Рабирий соблазнит-таки Фабию, не за месяц, может быть, но за год, поскольку терпелив и прилежен всегда, когда речь заходит о новой подлости. И никогда не добраться мне до Рима, поскольку страшно это далеко, не хватит ни денег на взятки, ни изобретательности на ухищрения, да и следят за мной, будут следить – Кинеф и его ребята все как один глазастые. Стоит мне только сбежать, а в Риме уж и ждать меня будут. Под руки – и назад, в дикие степи. А волшебная река, что несет меня, не в Тибр вовсе впадает, но в сумеречный Стикс.
5. В состав одного из притираний, разглаживающего морщины, входил жир речной рыбы-спицы, мелкой, хитрой и редкой. Я промерил задом весь берег Истра, пока нашел место, где пятнистая, увертливая эта тварь добывалась в потребных мне количествах.
К несчастью, рыбное место находилось на изрядном расстоянии от самого дальнего поселения гетов под названием Дым, на ничьей земле. Читай, на земле кочевых сарматов.
Каждый раз, закидывая леску с наживкой с выдающейся в омут коряги, я с тревогой ожидал появления из кустов гнилозубого сарматского чудовища с топором наперевес.
Поначалу я страшился появления сармата с топором. Но после даже отчасти его желал, хотелось в деле опробовать Барбиеву науку. Когда же я кое-как овладел гладиусом и начал понимать, сколь многое я не умел раньше и сколь многого еще не умею, я вновь принялся страшиться.
Не только ради Маркисса и его «мамочек» я добывал рыбу-спицу, но и для себя. Мои морщины тоже требовали ласковой заботы. Не явлюсь же я на глаза Фабии этаким заветрившимся фракийским сухофруктом!
Однажды, как раз когда я складывал улов в суму, набитую пыльной по осени крапивой – стрекательная ее зелень должна была предохранить рыбу от порчи – в мой омут зашла длинная лодка с высокой изогнутой кормой и изящными, как у молодой самки оленя, боками.
В ней стоял во весь рост невысокий неопределенного возраста человек. С весла, которое он держал наперевес, срывались серые виноградины капель и кольчатой рябью бежала от них врассыпную речная гладь. Взгляд лодочника поразил меня – он был водянистым и в тот же час жарким, огневым.
– Напрасно ты рыбачишь здесь, – сказал пришелец на хорошем греческом.

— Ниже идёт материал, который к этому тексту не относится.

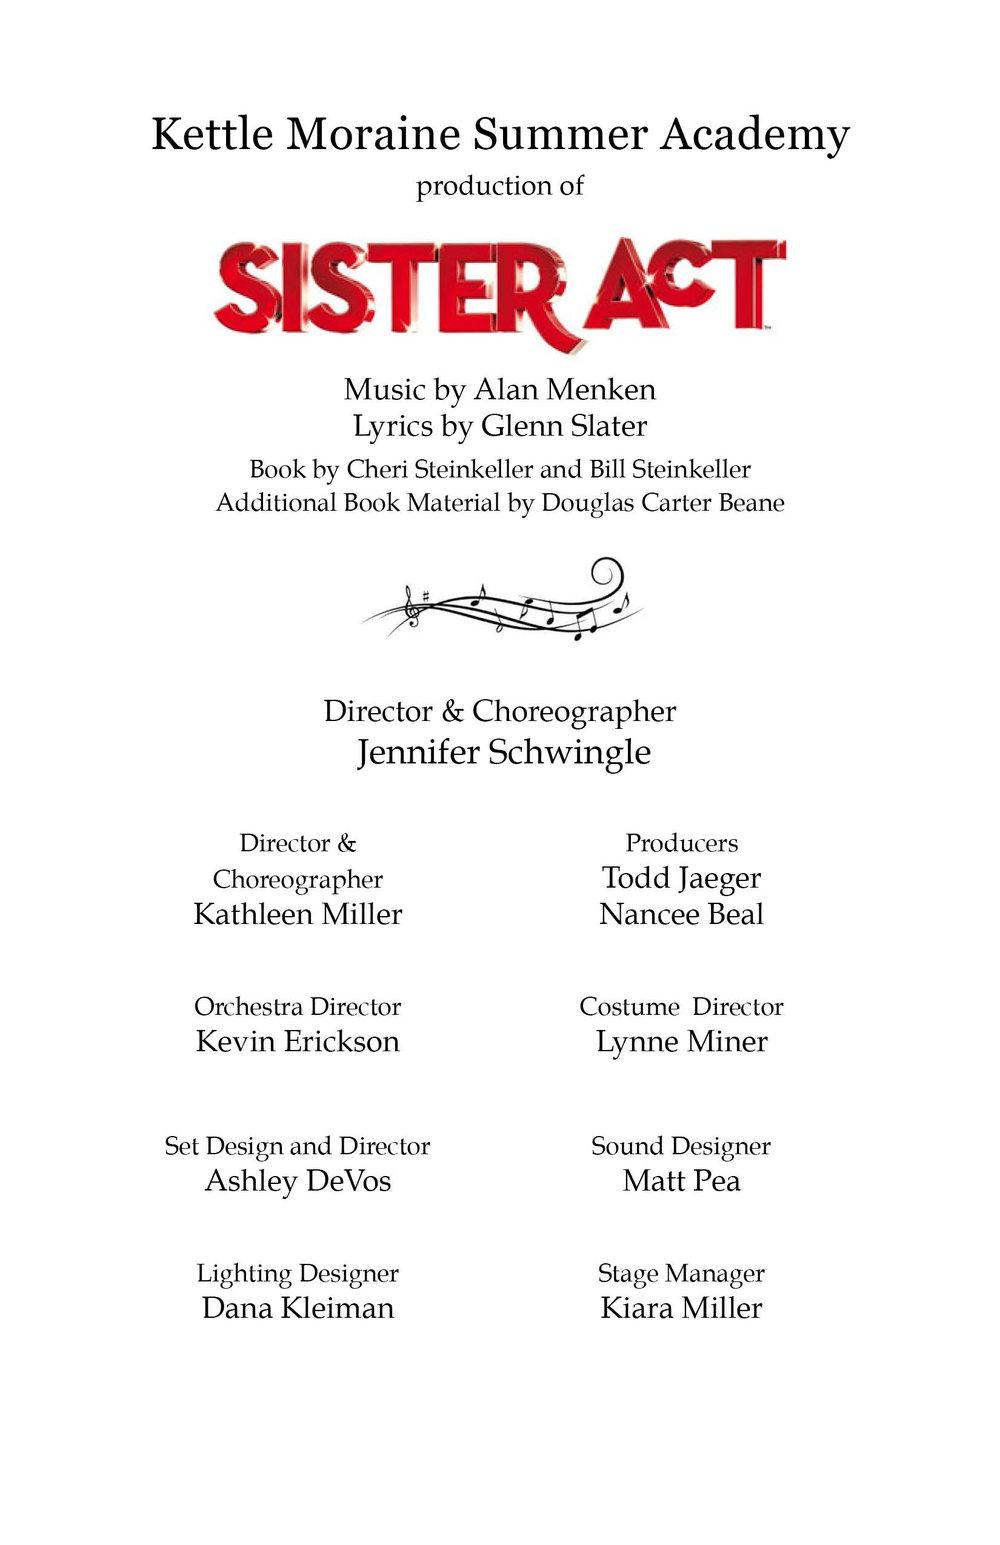 SisterAct20183.jpg
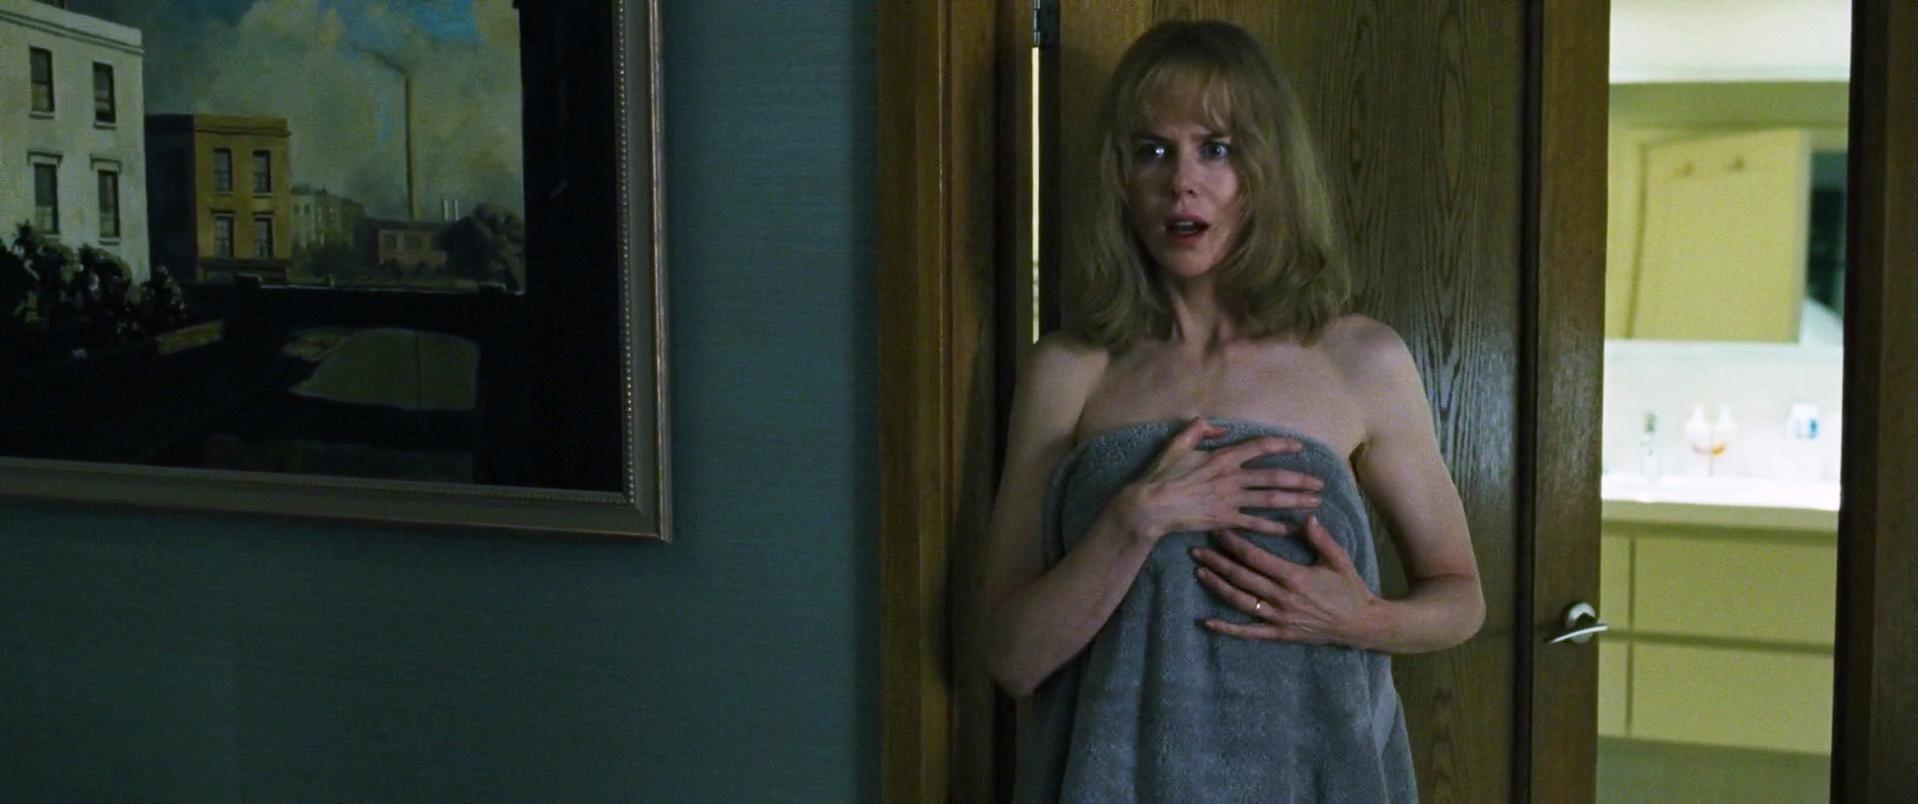 Nude video celebs  Nicole Kidman nude  Before I Go to

– Но мне нужна рыба-спица!
– Страсть к насыщению чрева не к лицу воину. Тем паче, она может стоить воину жизни!
– Ну уж…
– Сарматы часто заходят в эти места. Если они застигнут тебя, то ограбят и убьют. Душе воина будет обидно до срока расстаться с хорошо обжитым телом из-за рыбы. И еще много раз она будет воплощаться на земле в обличье зловредного червя, живущего в брюхе у рыбьих королев и питающегося их икрой.
– Ну и объясненьице… – скептически усмехнулся я. Мне польстило, что он принял меня за профессионального служителя Марса. – К сожалению, я не воин. Я поэт.
– Вот как? – глаза незнакомца сверкнули и он воззрился на меня с живым интересом. – Поэт?
– Да, так.
– Не врешь?
– Зачем еще…
– Тогда, может быть, прочтешь что-нибудь из своего? – лодка уткнулась носом в мою корягу. Глаза гостя, синие и влажные, очарованно сияли.
– Я не пишу на греческом. Да и говорю поневоле. Мой язык – латынь.
– Тогда прочти мне чужое! – просительно промолвил человек. Он положил весло на дно лодки и полузакрыл глаза – приготовился слушать.
Я принялся декламировать – тем более, что одно стихотворение тотчас словно денницей засияло. Именно этой любовной эпиграммой, сочиненной некогда печальным греком Асклепиадом, я, опытный развратник, впервые склонил пятнадцатилетнюю Фабию к любовной игре, не ведая еще тогда, что влюбился насмерть.
Брось свою девственность. Что тебе в ней? За порогом Аида
Ты не найдешь никого, кто полюбил бы тебя.
Только живущим даны наслажденья любви: в Ахеронте
После, о дева, лежать будем мы – кости и прах…[6]
Пока я читал, лицо моего нежданного слушателя – сложно вылепленное, чуток высокомерное – выражало внимание и радость.
– Еще! – потребовал он.
Я прочел из Каллимаха:
Не говори мне «Привет». Злое сердце, ступай себе мимо.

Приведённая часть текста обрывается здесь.